- **Requirement**: Would you reproduce the whole listing exactly, minus its images?

- **Supplied data**:
- Opening Delimiter -

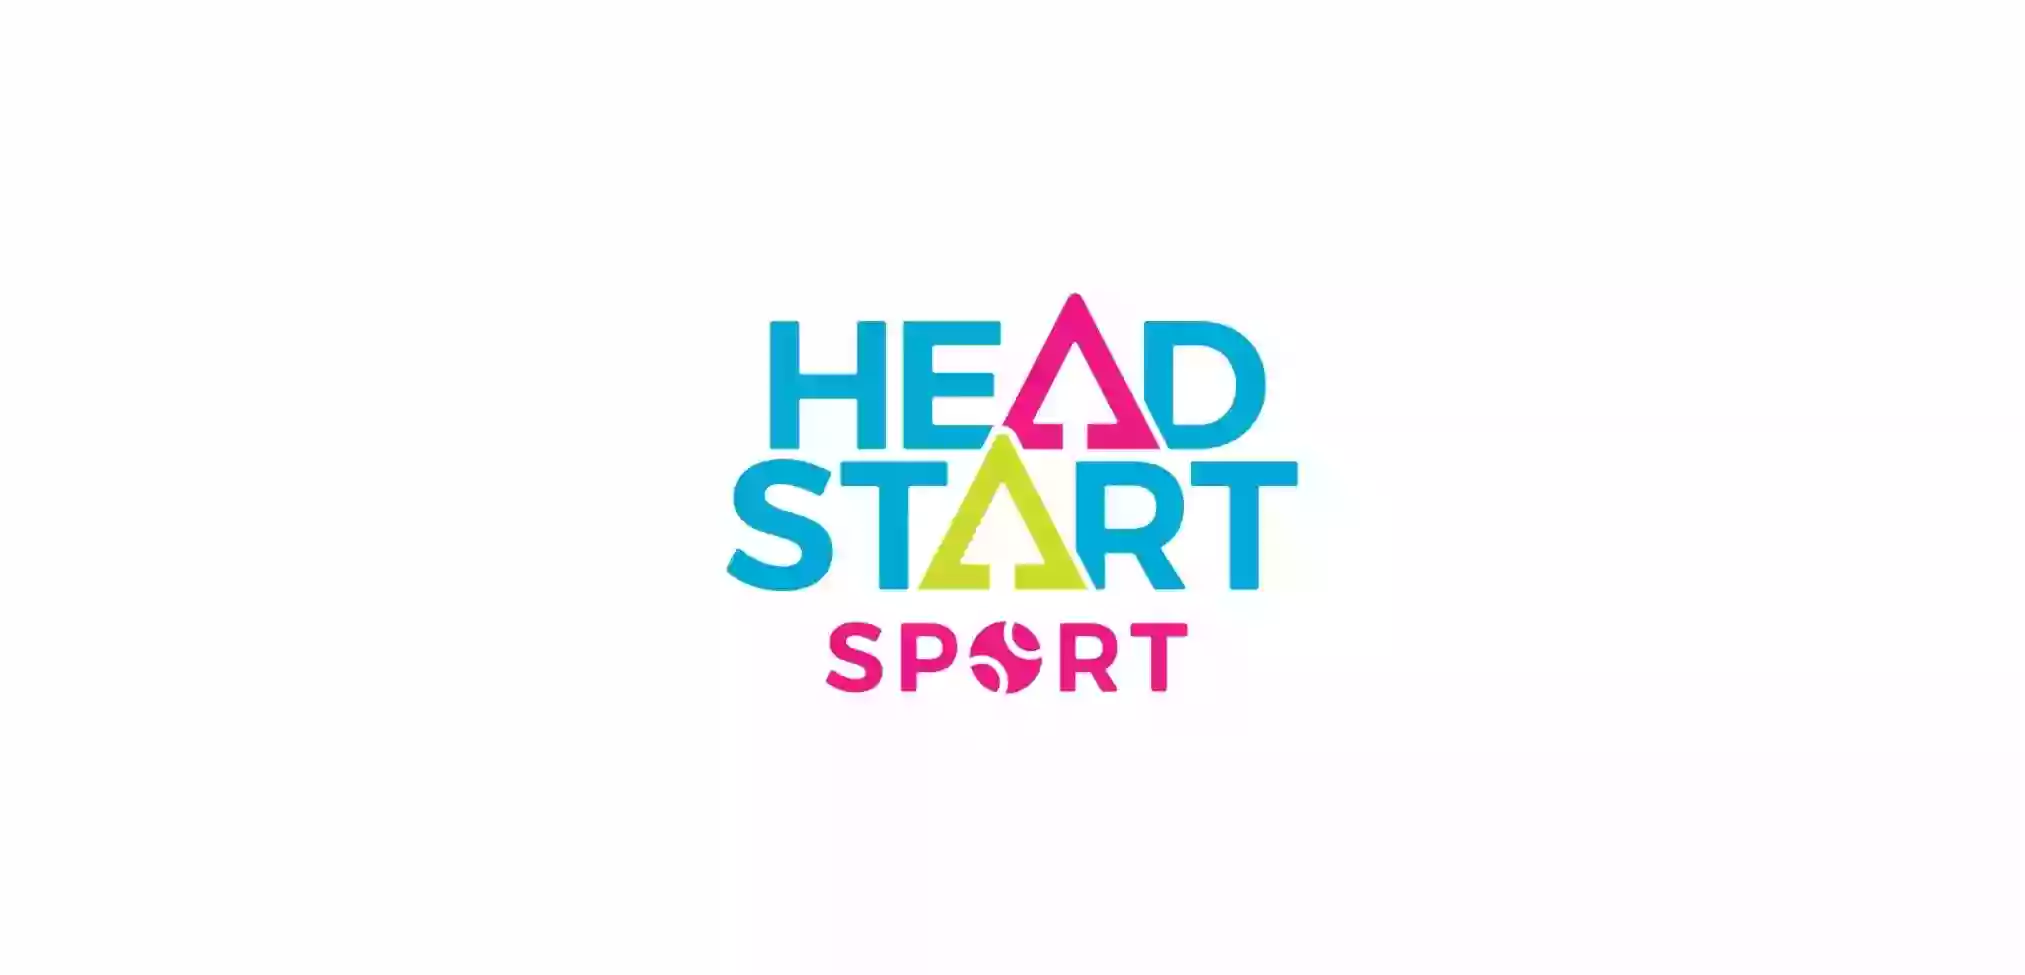 Head Start Sport - Lockleys
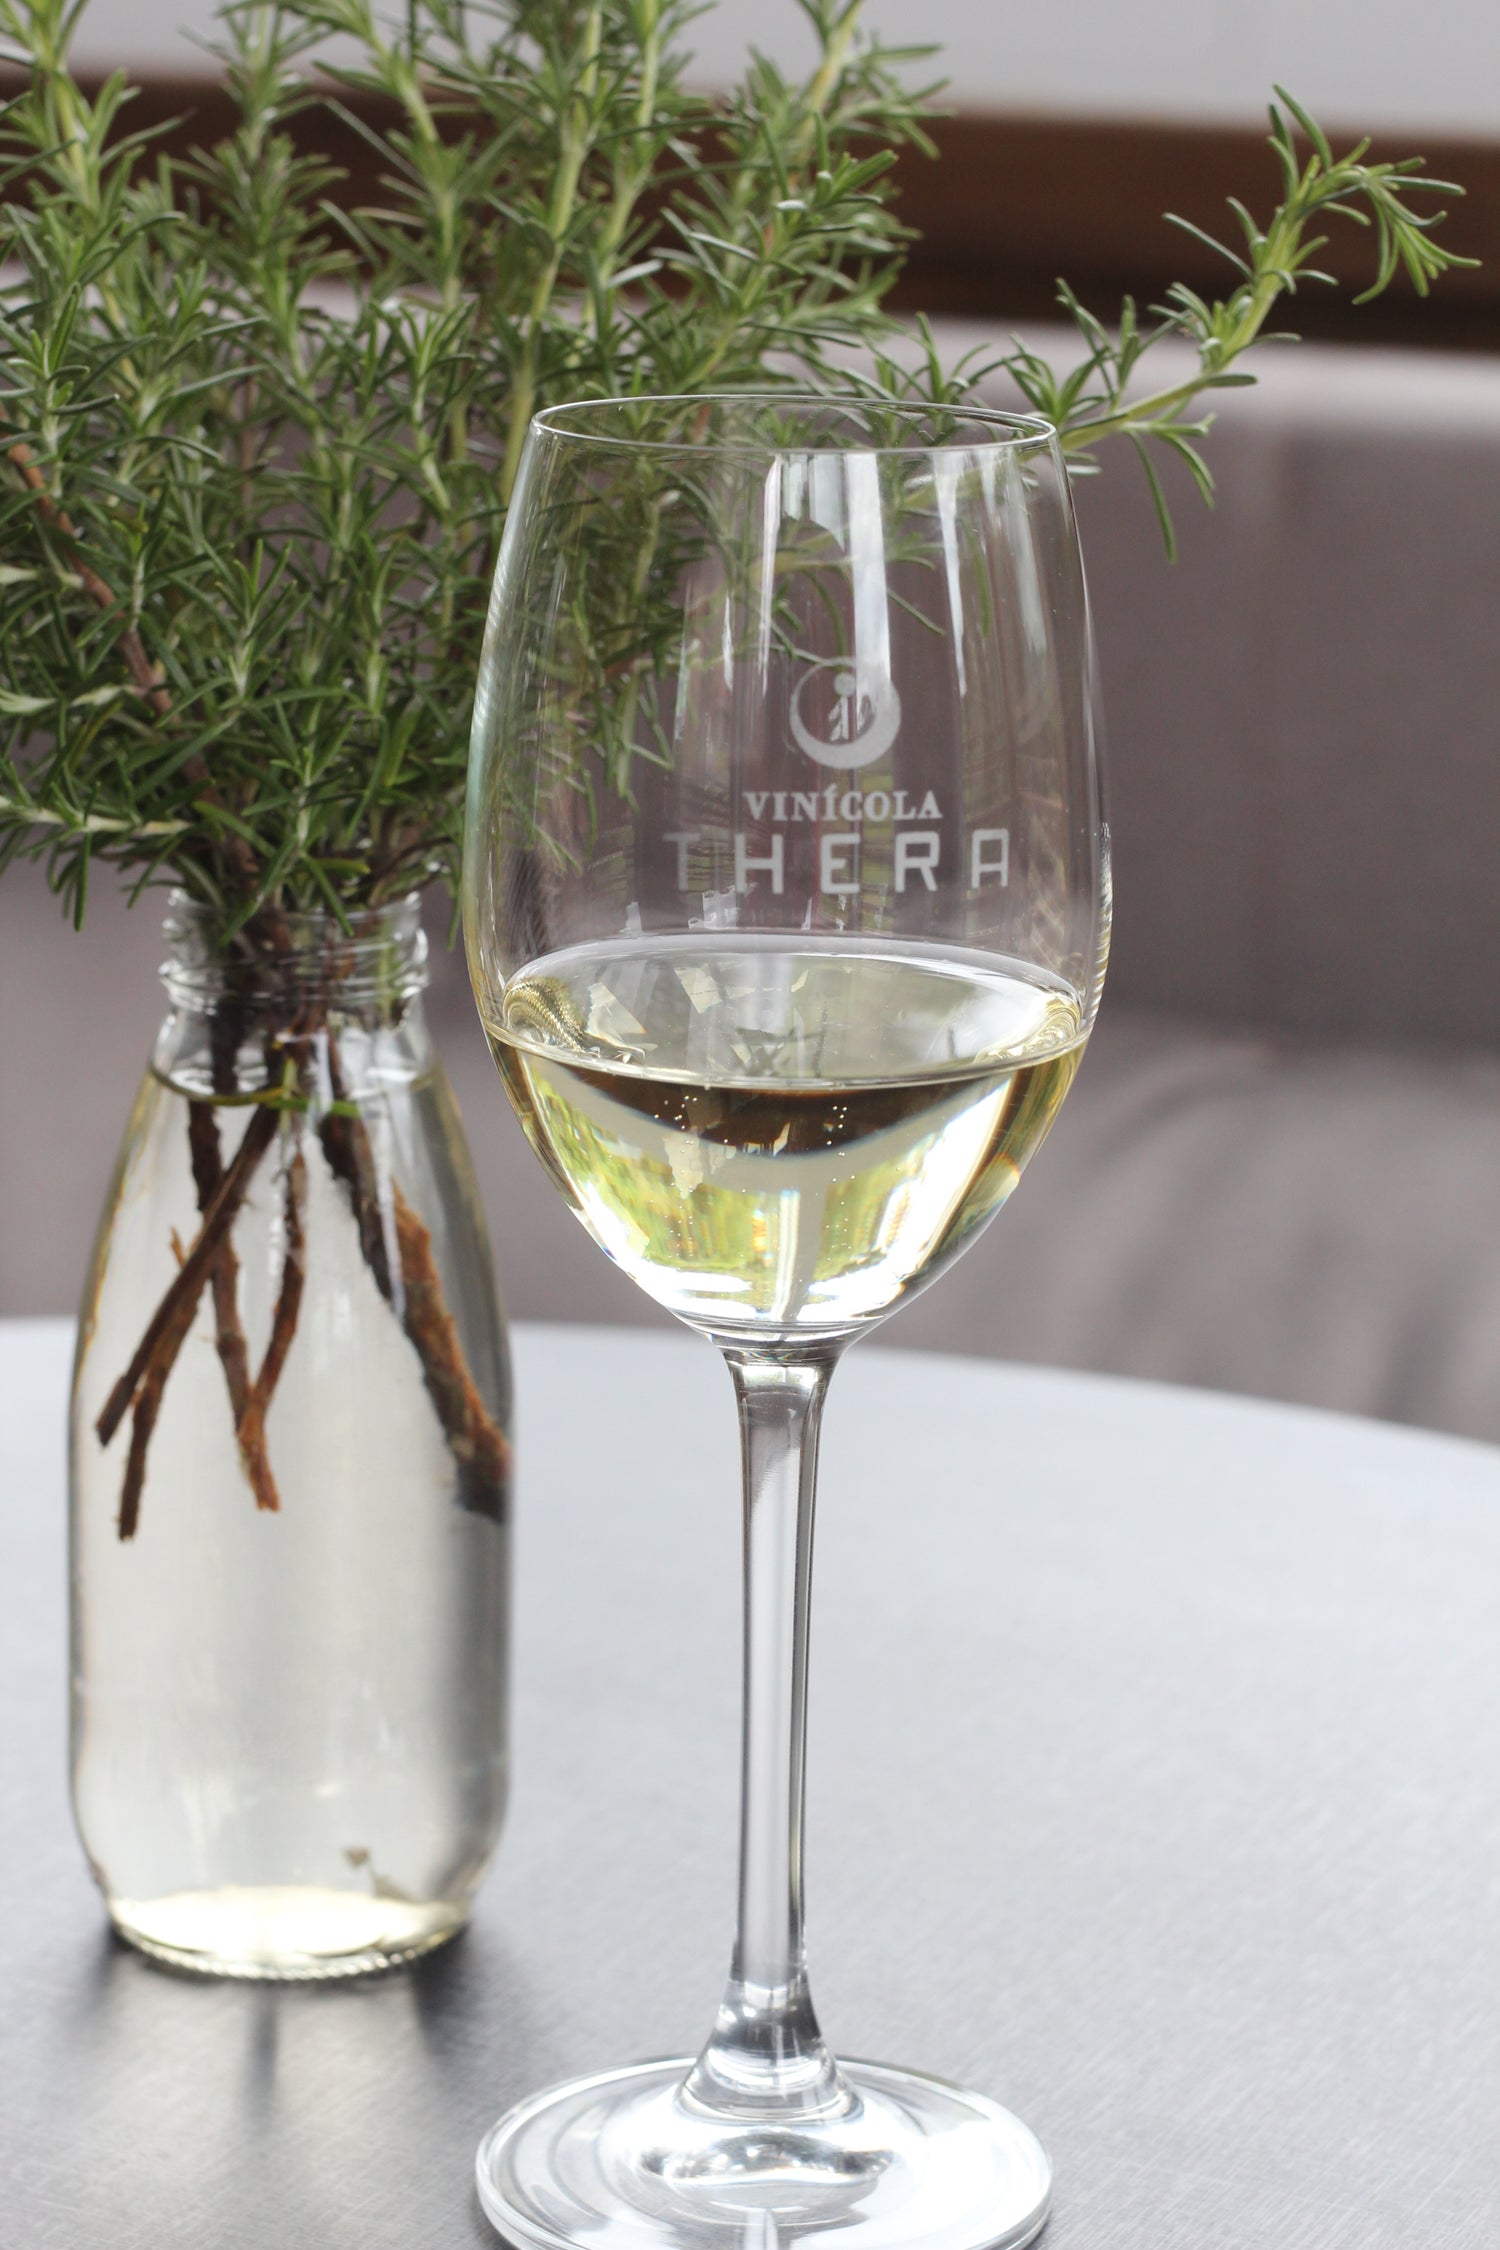 Saiba quais são os aromas herbáceos mais comuns nos vinhos brancos
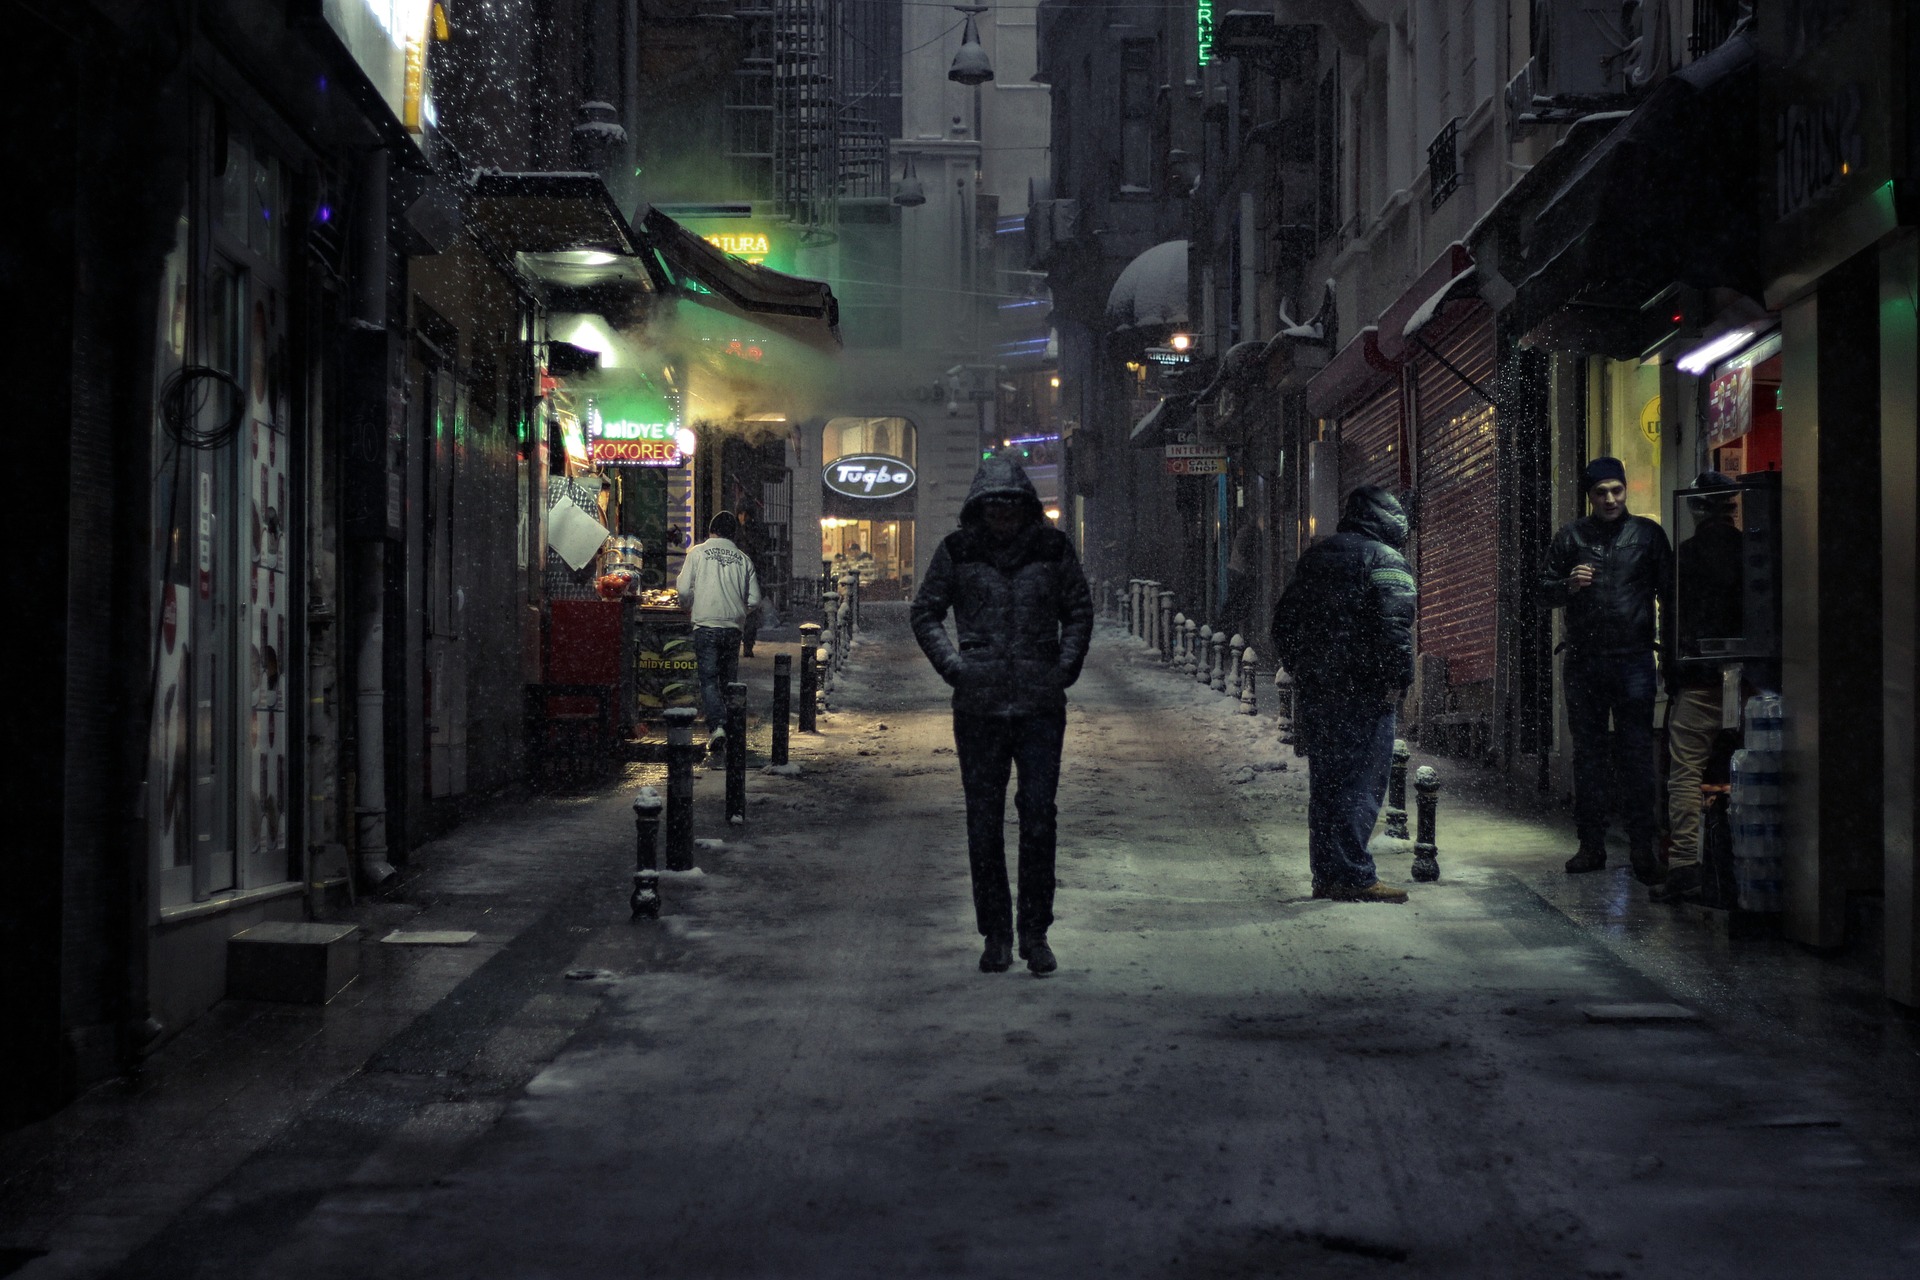 関わってはいけない雰囲気を出している黒ずくめの服装の男性が街中を歩いている画像

- Closing Delimiter -

- **Result**:
 Head Start Sport - Lockleys
 Saiba quais são os aromas herbáceos mais comuns nos vinhos brancos
 関わってはいけない雰囲気を出している黒ずくめの服装の男性が街中を歩いている画像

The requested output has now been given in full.